Cross border taxation risks of international enterprise incorporates two basic themes, one of which is the interpretation of the United States Commerce Clause and the Due Process distinction from jurisdictional analysis. It is one of the two basic aspects that govern the authority of a source and resident country or state to tax international commerce.

In the electronic commerce world the courts have embraced an evolution of Due Process requisite of jurisdiction and of commerce. That analysis for both turns upon the judicial case law evolution that focuses on the contact with the state or country that imposes taxation from their border.

Cross border taxation first domestically grapples with the dual concepts and their importance in understanding the taxation of interstate commerce.

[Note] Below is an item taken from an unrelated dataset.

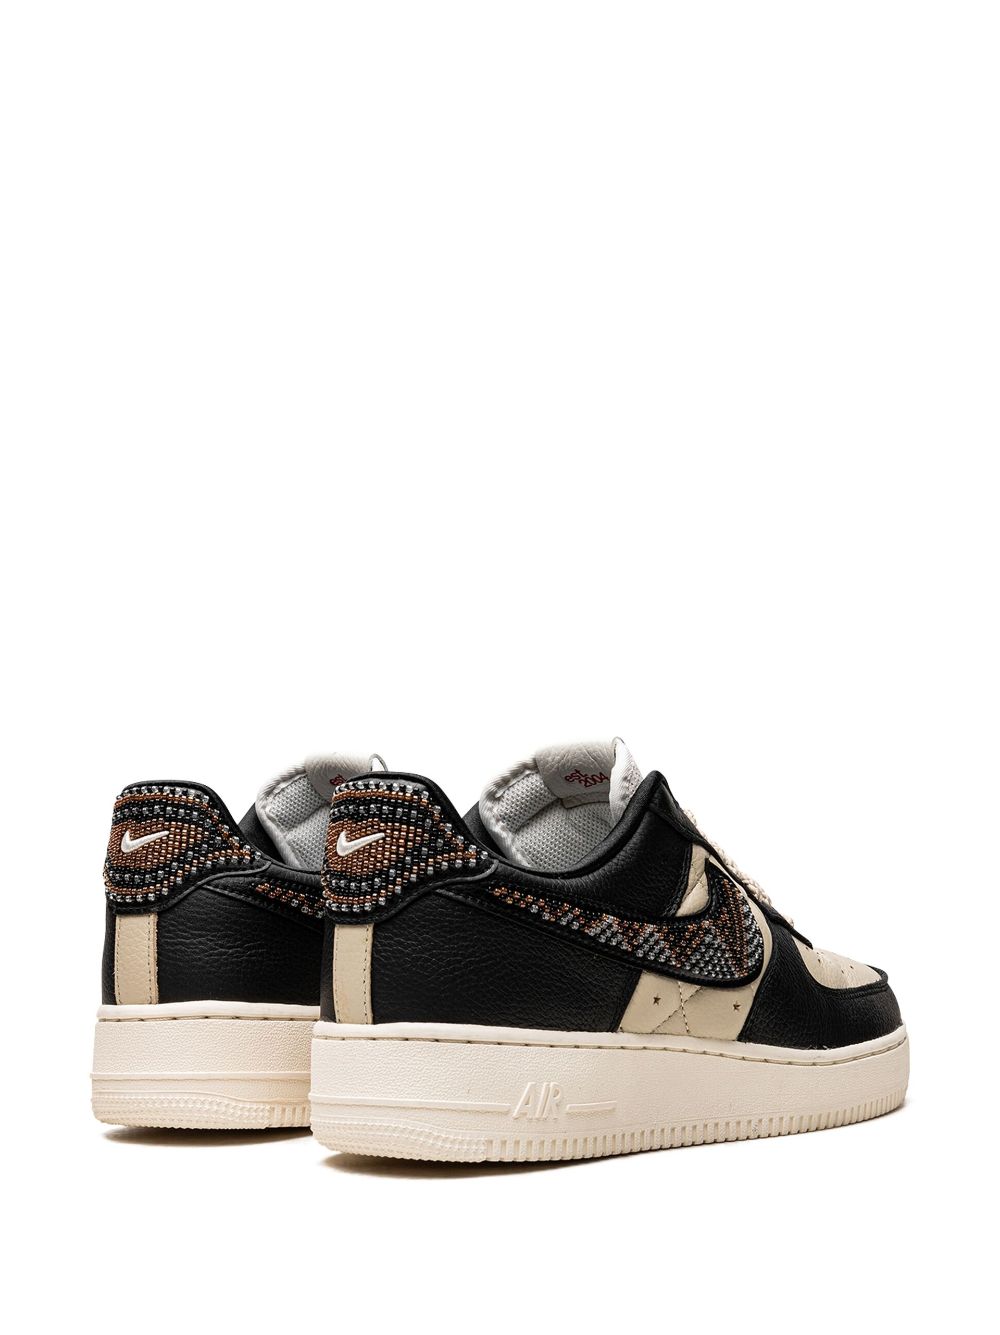 Shop Jordan X Premium Goods Air Force 1 Sp "the Sophia" Sneakers In Black

As discussed precedent to this segment, one captures the principles of domestic application of these themes and then they are transmuted to international private law. (See TaxConnections, Due Process and Regulation of Commerce-Offshore Financial Centers Cross Border Taxation, subheading Jurisdiction Principles, June 3, 2014)

Commerce Clause and Defining Nexus

The important consideration in a discussion of electronic commerce and cross border taxation confronts issues of analysis of the Due Process clause and the Fourteenth Amendment, the Commerce Clause and whether it creates an unconstitutional burden on interstate commerce; violation of the Commerce Clause. (1) To date the most significant analysis of the Commerce Clause has arisen in domestic cases of sale and use tax imposed by states upon sales made to vendees in their state from out of state vendors. It has been an evolution by factual focus, perhaps beginning significantly with a statement by a court that a tax on the privilege of engaging in an activity in the state cannot be applied to an activity that is part of interstate commerce. That was known as the Spector Doctrine, the underlying philosophy being that interstate commerce enjoyed a free trade immunity. (2)

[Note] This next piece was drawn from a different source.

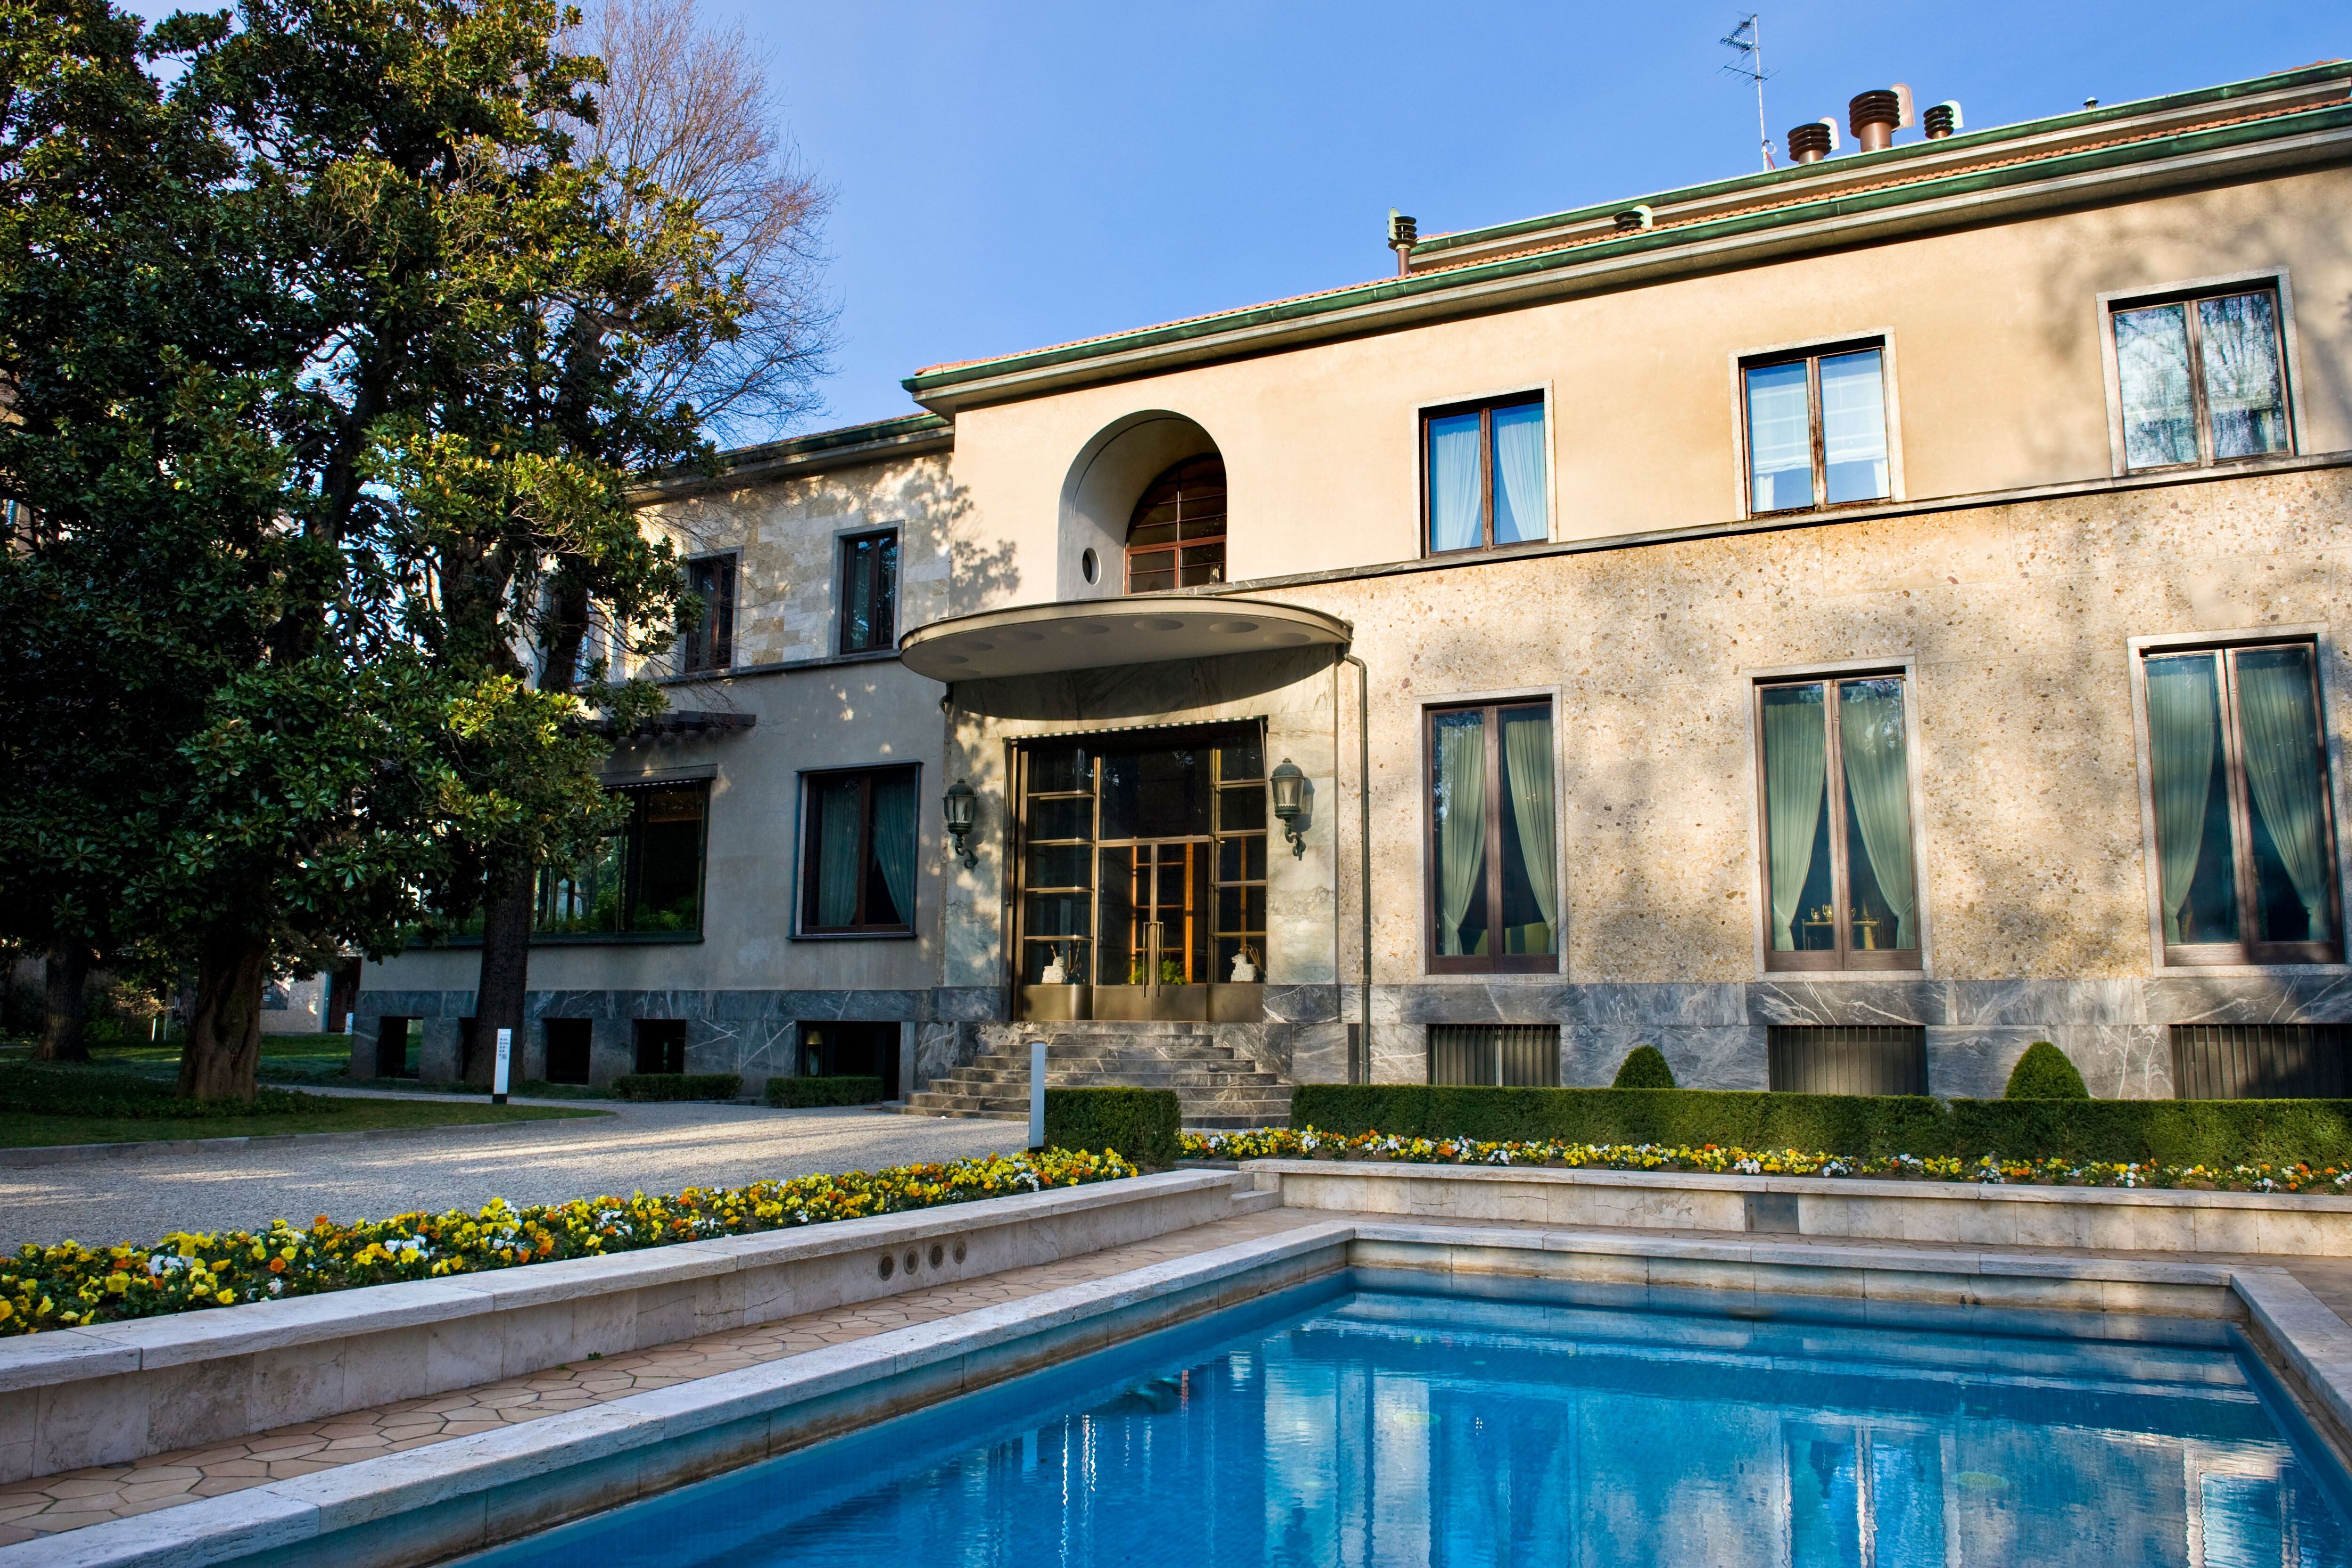 La piscina de Villa Necchi Campiglio fue la primera climatizada que se instaló en Milán.

Subsequent to the established Spector Doctrine, it was rejected and decreed by the United States Supreme Court that it did not address the problems of the Commerce Clause with which the court was concerned. In doing so the court stated that a state tax on the privilege of doing business was not per se unconstitutional when viewed in terms of interstate commerce. That had been the crux of the Spector Doctrine. The basis for this rejection of that doctrine was grounded in the simple concept that it had no relationship to economic realities. (3)

Just as in the Due Process analysis as a jurisdictional requirement, the Supreme Court of the United States sought to determine the application of the Commerce Clause by a justification of the contacts with a particular state. In the leading case, it determined that a state’s attempt to require an out-of-state mail-order house to collect and pay a use tax on goods purchased for use within the state violated the Due Process Clause of the Fourteenth Amendment and created an unconstitutional burden on interstate commerce. It is from this bell weather holding that the concepts of Due Process of the jurisdiction analysis and the deemed violation of the Commerce Clause became entwined; they are to be distinguished in application. (4)

Evolution To Economic Presence

In 1992, the United States Supreme Court revisited this issue of what constitutes what it deemed an appropriate nexus of state connection to impose state taxation and the relation to the Commerce Clause. (5) The Due Process Clause and the Commerce Clause are analytically distinct. (6) The Due Process Clause requires some definite link, some minimum connection between a state and the person, property or transaction it seeks to tax. The income attributed to the state for tax purposes must be rationally related to values connected with the taxing state. (7)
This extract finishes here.